Here is an odd application of multiple integration. I know that \(e^{-x^2}\) has no elementary antiderivative. Therefore, the intergal
\begin{equation*}
A = \int_{-\infty}^\infty e^{-x^2} dx
\end{equation*}
cannot be evaluated directly. However, this is a very important integral: \(e^{-x^2}\) is the normal distribution and, in Statistics, I need to integrate it frequently. I’ll use integrals over \(\RR^2\text{,}\) strangely enough, to calculate this integral by squaring the single variable integral.
\begin{align*}
A \amp = 2 \int_{0}^\infty e^{-x^2} dx\\
A^2 \amp = \left( 2 \int_{0}^\infty e^{-x^2} dx \right)

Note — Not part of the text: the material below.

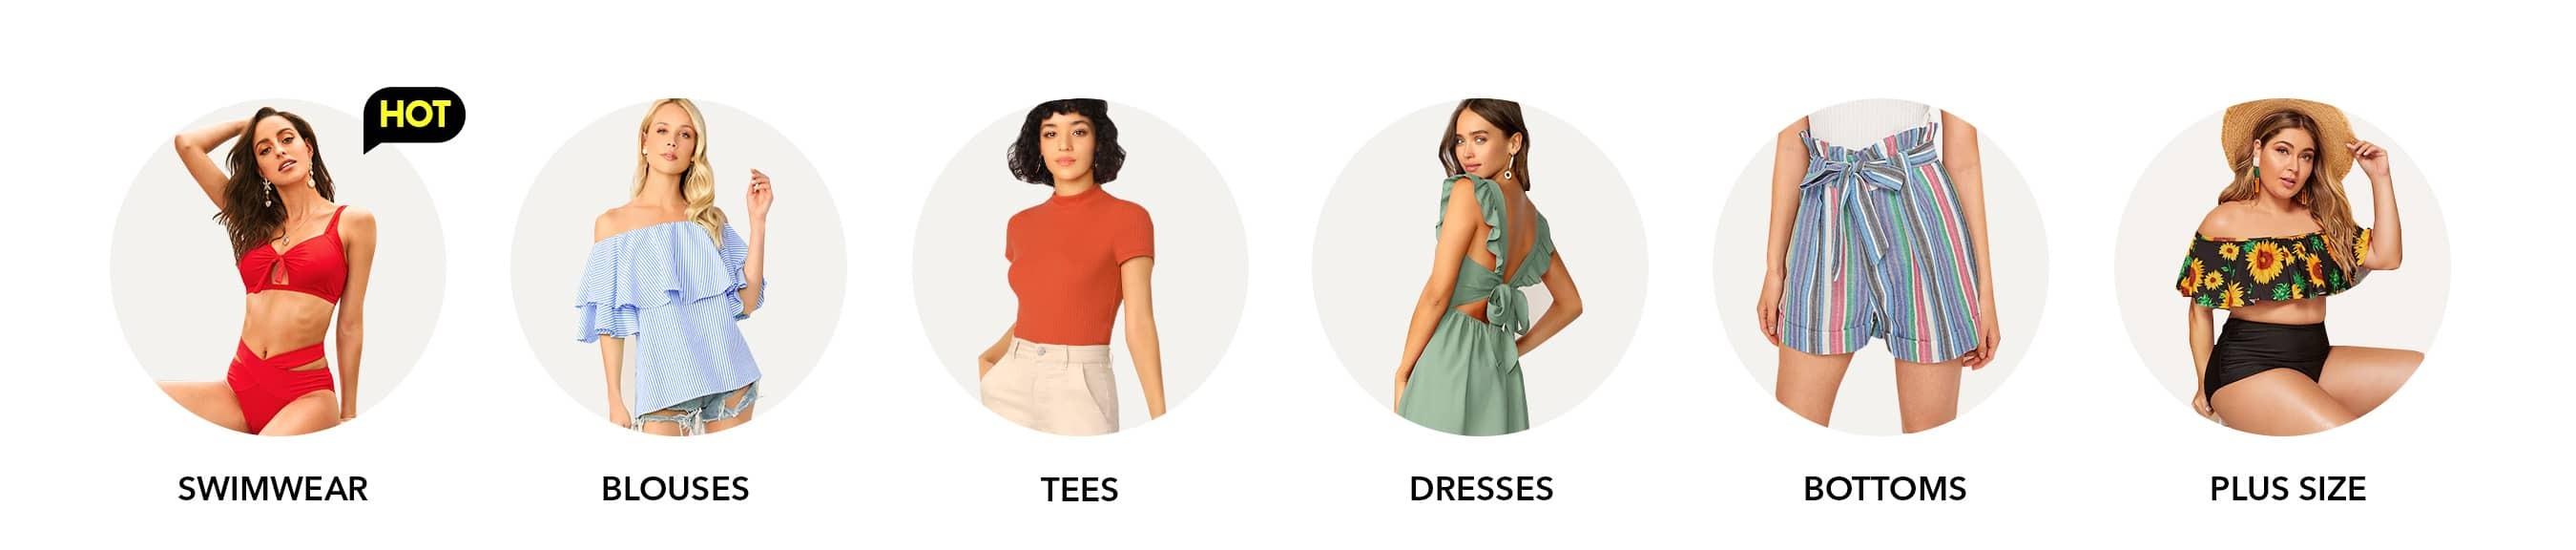 ee6f9c2499ee8 Shop Trendy Women's Fashion   SHEIN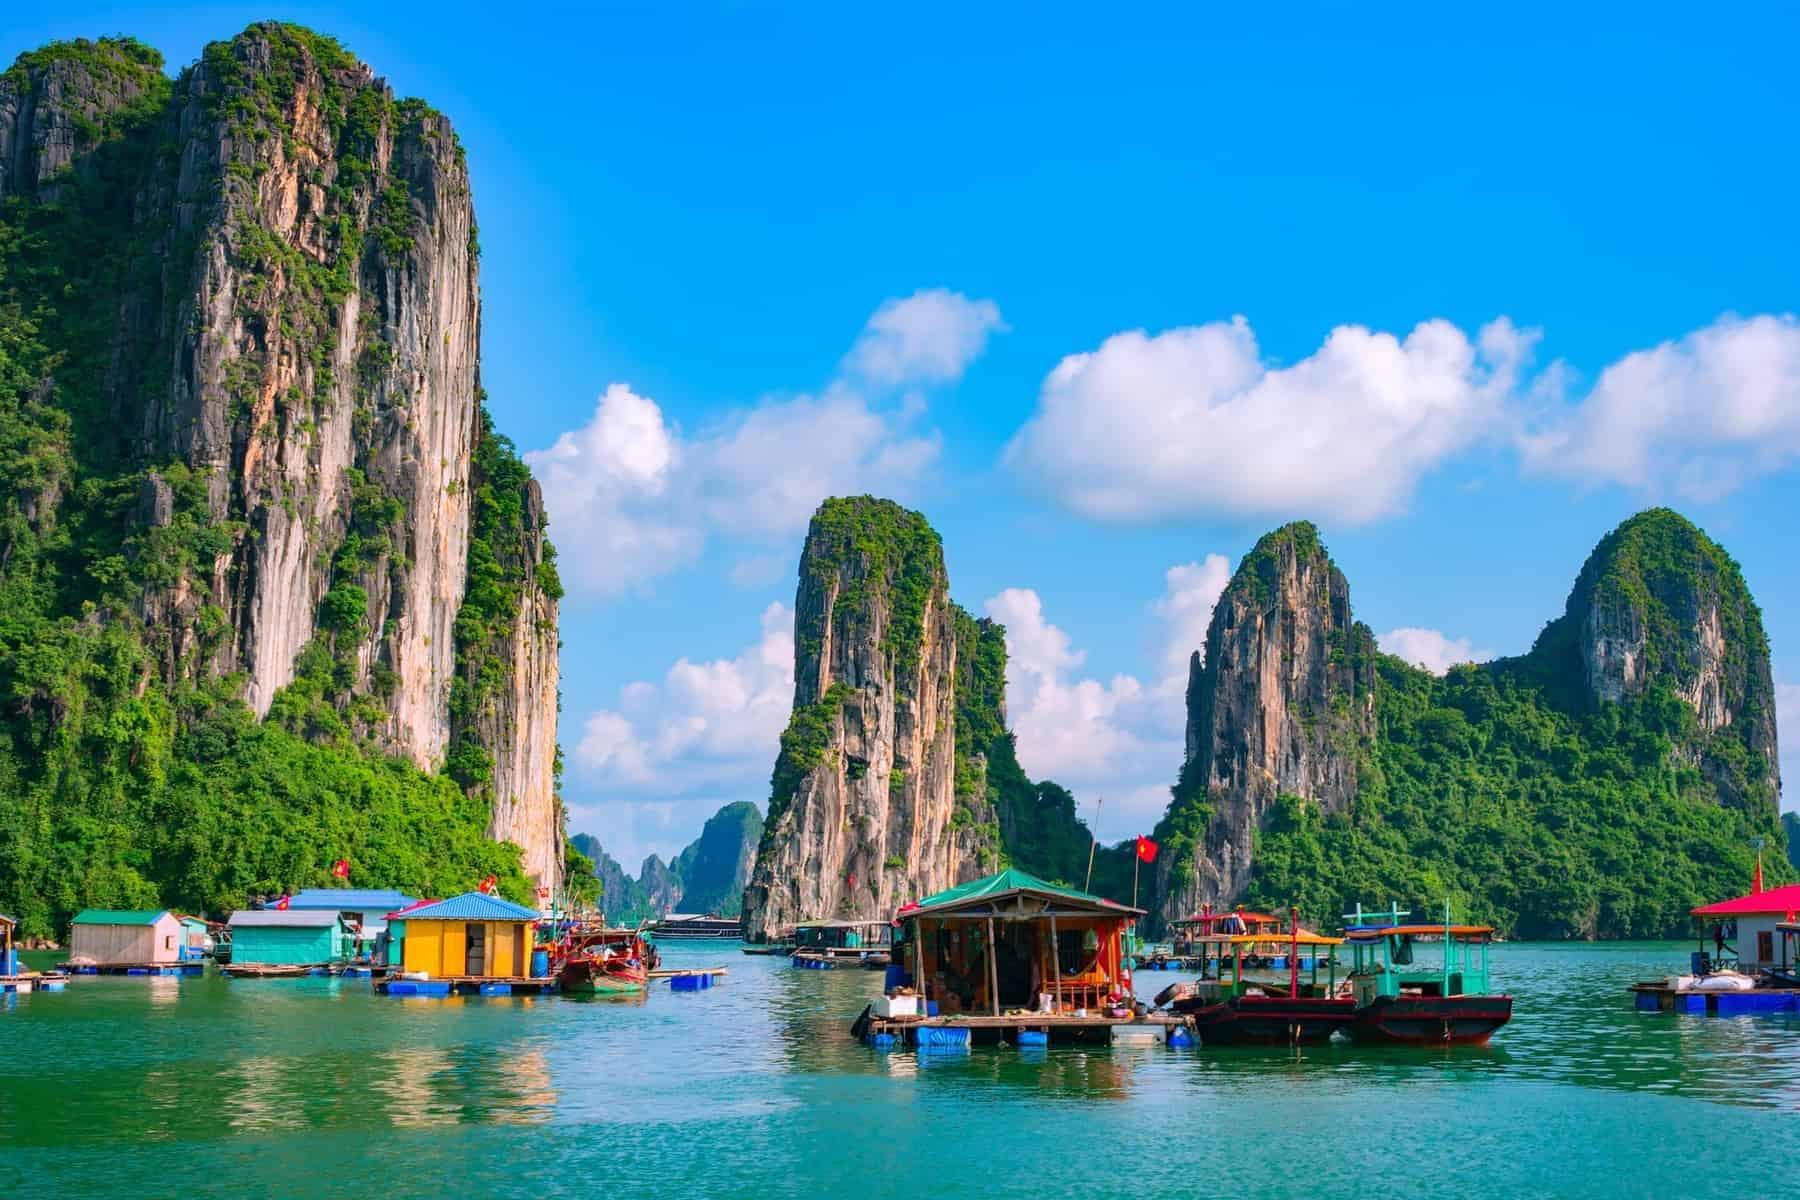 Topas Travel i Vietnam. Floating fishing village and rock island in Halong Bay, Vietnam, Southeast Asia. UNESCO World Heritage Site. Junk boat cruise to Ha Long Bay. Landscape. Popular landmark, famous destination of Vietnam

\left(2 \int_{0}^\infty e^{-y^2} dy \right)
\end{align*}
The second integral uses a new variables since variables of integration only matter inside the integral. Then I can combine the two integrals.
\begin{align*}
A^2 \amp = 4 \int_0^\infty \int_0^\infty e^{-x^2} e^{-y^2}
dx dy\\
\amp = 4 \int_0^\infty \int_0^\infty e^{-(x^2 + y^2)} dx
dy
\end{align*}
Now I am going to do a substitution in the \(y\) variable. Treating the \(x\) variable as a constant, I replace \(y\) with \(y = xs\) so that \(dy = x ds\text{.}\) If \(y=0\) then \(s=0\) and as \(y \rightarrow
\infty\text{,}\) \(s \rightarrow \infty\text{,}\) so the bounds for \(s\) remain the same as the bounds for \(y\text{.}\) Remember, \(x\) is a constant through this whole substitution. (Using Fubini’s Theorem, I could think of \(y\) as the inside integral for this substitution, and then switch back to thinking of \(x\) as the inside integral after the substitution.)
\begin{align*}
A^2 \amp = 4 \int_0^\infty \int_0^\infty e^{-x^2 (1+s^2)}
x dx ds\\
\amp = 4 \int_0^\infty \left. \frac{-1}{2(1+s^2)}
e^{-x^2(1+s^2)} \right|_0^\infty ds\\
\amp = 2 \int_0^\infty \frac{1}{1+s^2} ds\\
\amp = \lim_{a \rightarrow \infty} 2 \arctan a - \arctan 0
= \frac{2\pi}{2} = \pi\\
A \amp = \int_{-\infty}^\infty e^{-x^2} dx = \sqrt{\pi}
\end{align*}
I recover the area under the bell curve: \(\sqrt{\pi}\text{.}\) It’s a very strange result. However, if you taken any statistics and worked on normal distributions, likely you will recall the presence of these strange \(\sqrt{\pi}\) terms. Now I know they are present to normalize the area (since we want a probability function to have area one under its graph).